Половина двенадцатого. Алька, скотина, не пришел, и, прождав его еще полчаса, я завернул в бумагу пятак и бросил его проходившей мимо знакомой девочке, младшей сестре Любы Мознаим. Девочка принесла две сайки, я опустил нитку с грузилом, съел сайки и продолжал сочинять:

И я грустил о позабытой были,

Разгаданной не по моей вине.

А вот теперь меня навек забыли,

И я один в неведомой стране.

В ту пору я писал две-три строфы в день, хотелось мне этого или не хотелось. Дмитрий Цензор, которому я однажды осмелился прочитать свои стихи, сказал, что мне надо учиться. Я учился.

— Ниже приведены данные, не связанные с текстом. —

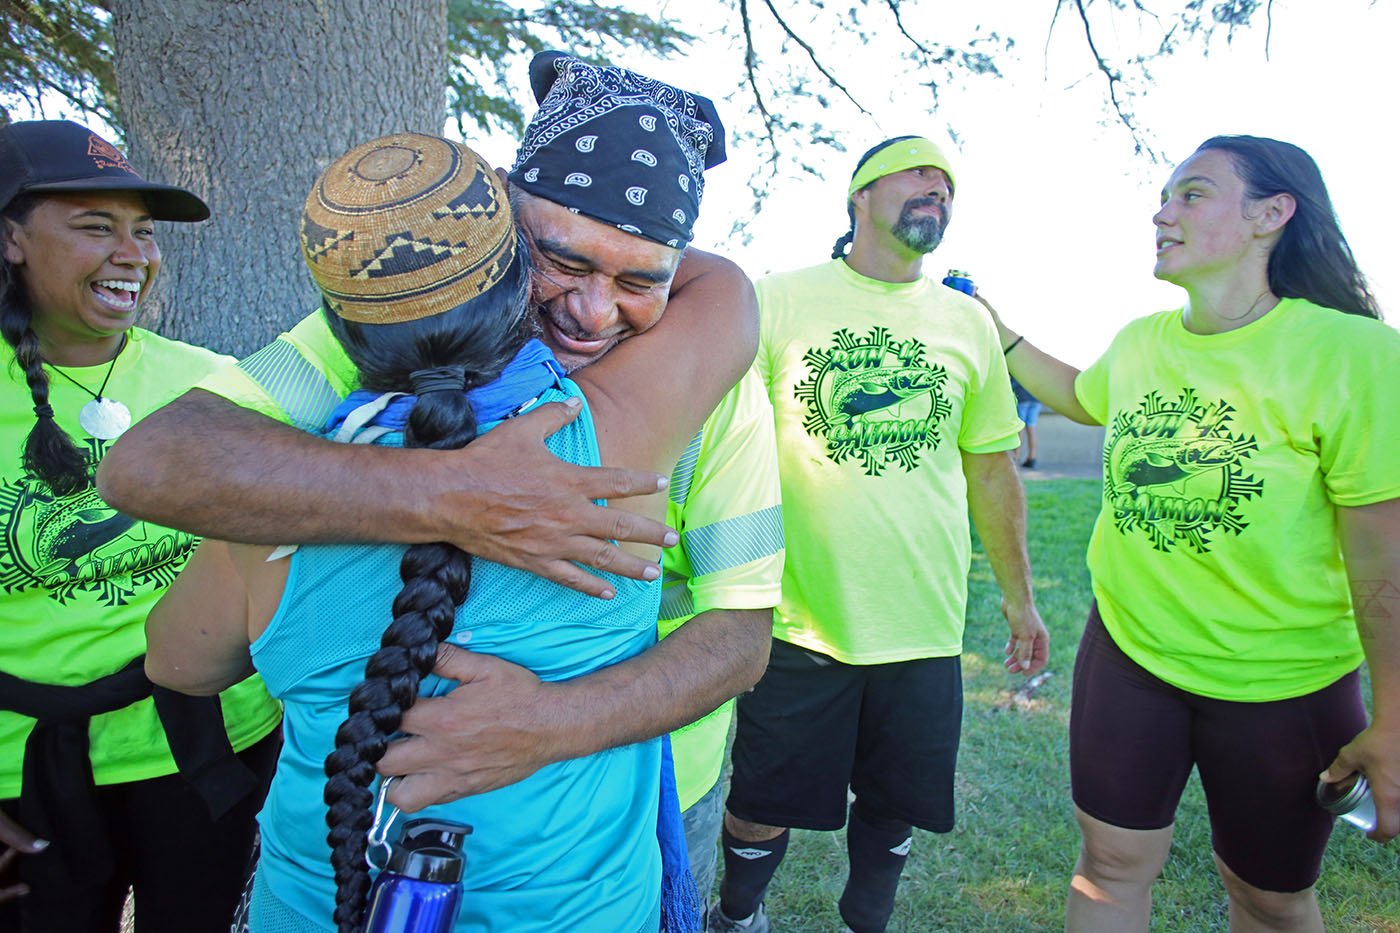  Shasta Lake, CA — After the runners arrive, a happy Chief Caleen Sisk hugs Gary Thomas, an Elem Pomo ceremonial song leader from Lake County. September 25, 2019. Tom Levy/The Spiritual Edge 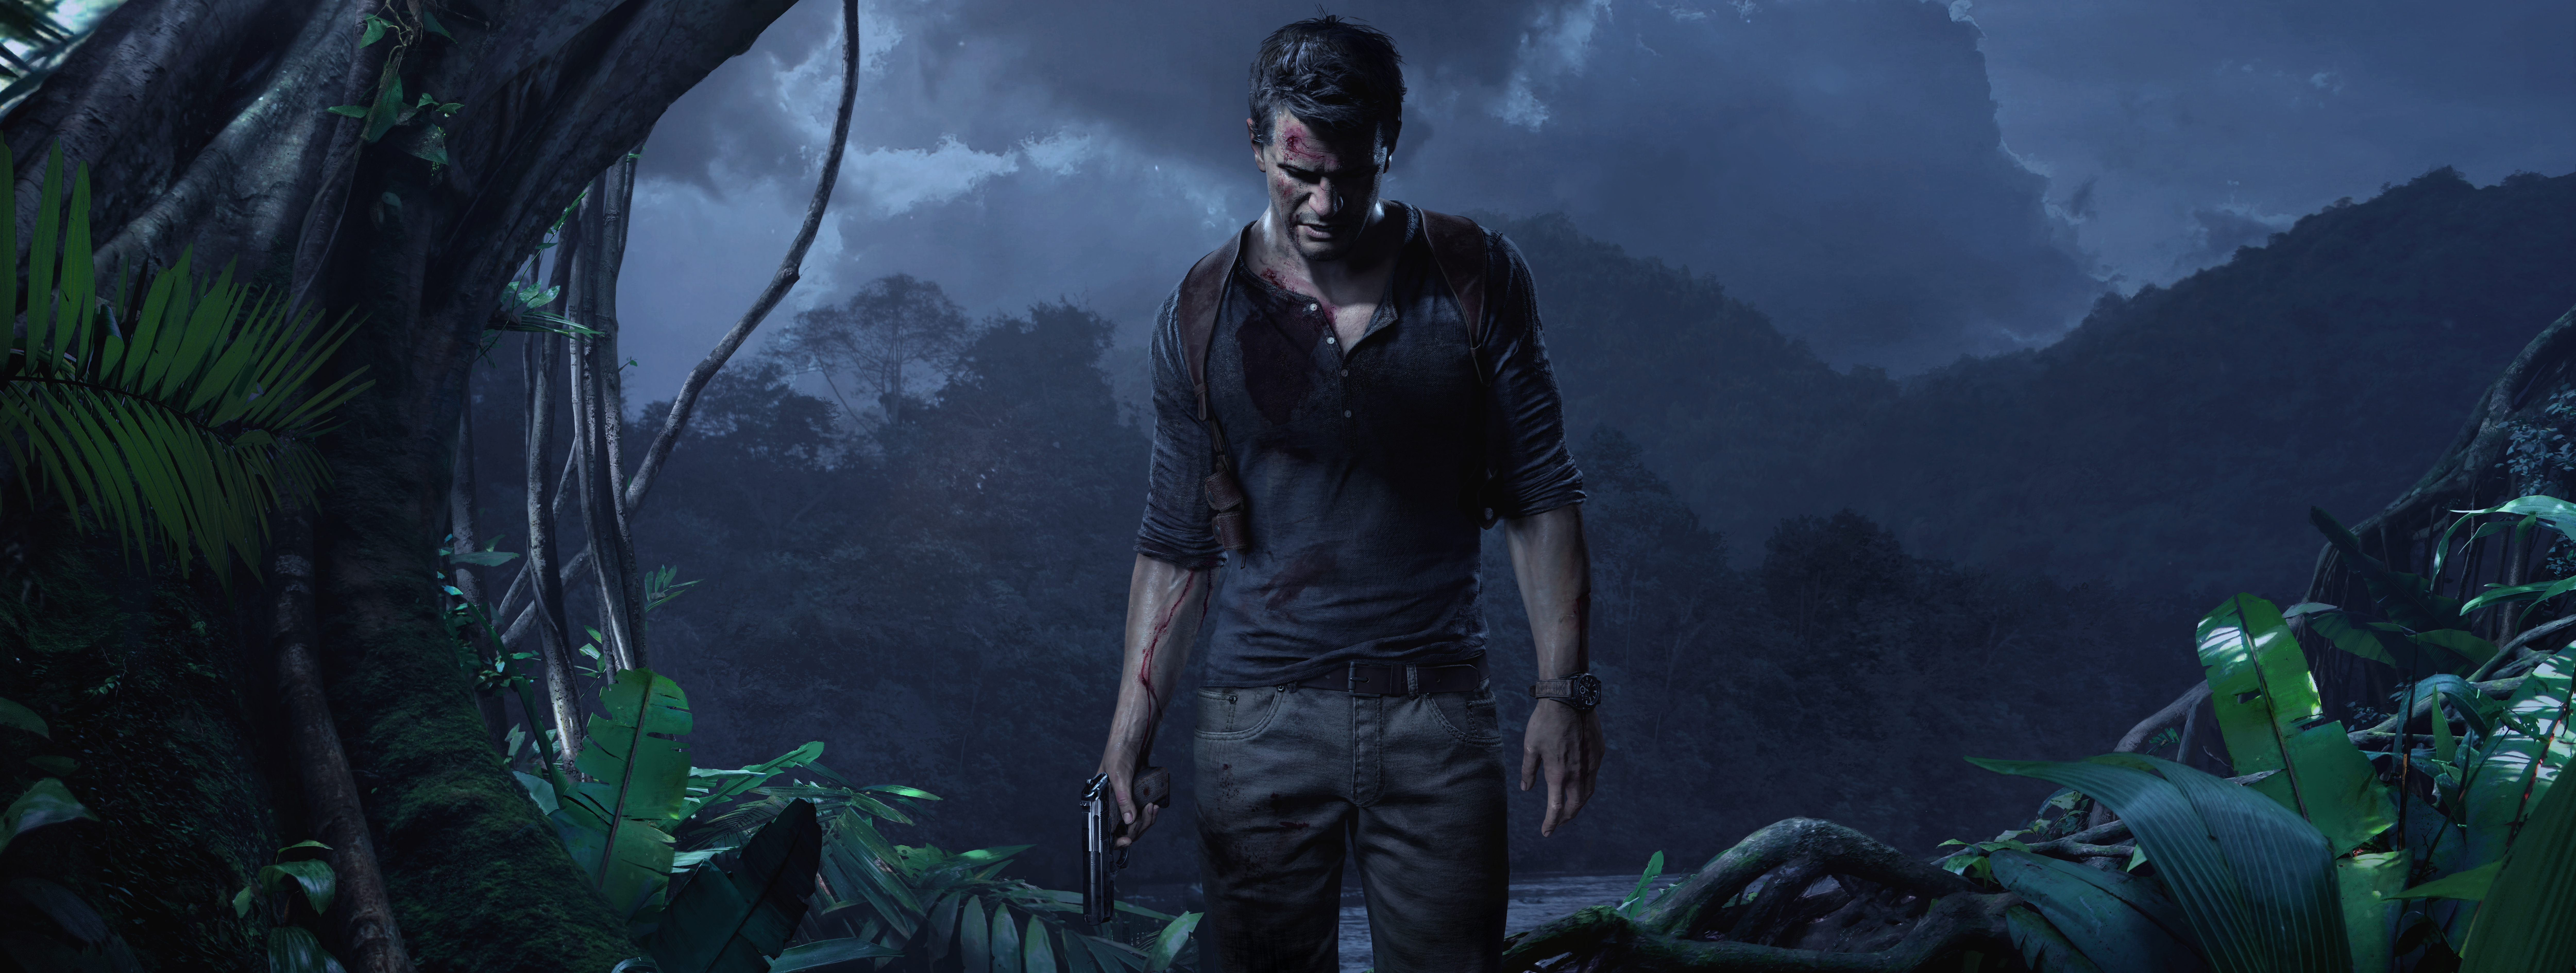 Uncharted 4: A Thief's End 4k Ultra HD Wallpaper

Но надеялся я на другое: а вдруг мне удастся придумать одно-единственное, удивительное, ни на что не похожее слово, которое сразу поставит меня в один ряд с лучшими поэтами мира? Мне хотелось, чтобы слава упала с неба, явилась, как Христос народу, постучала в дверь, вошла и сказала: "Я - слава".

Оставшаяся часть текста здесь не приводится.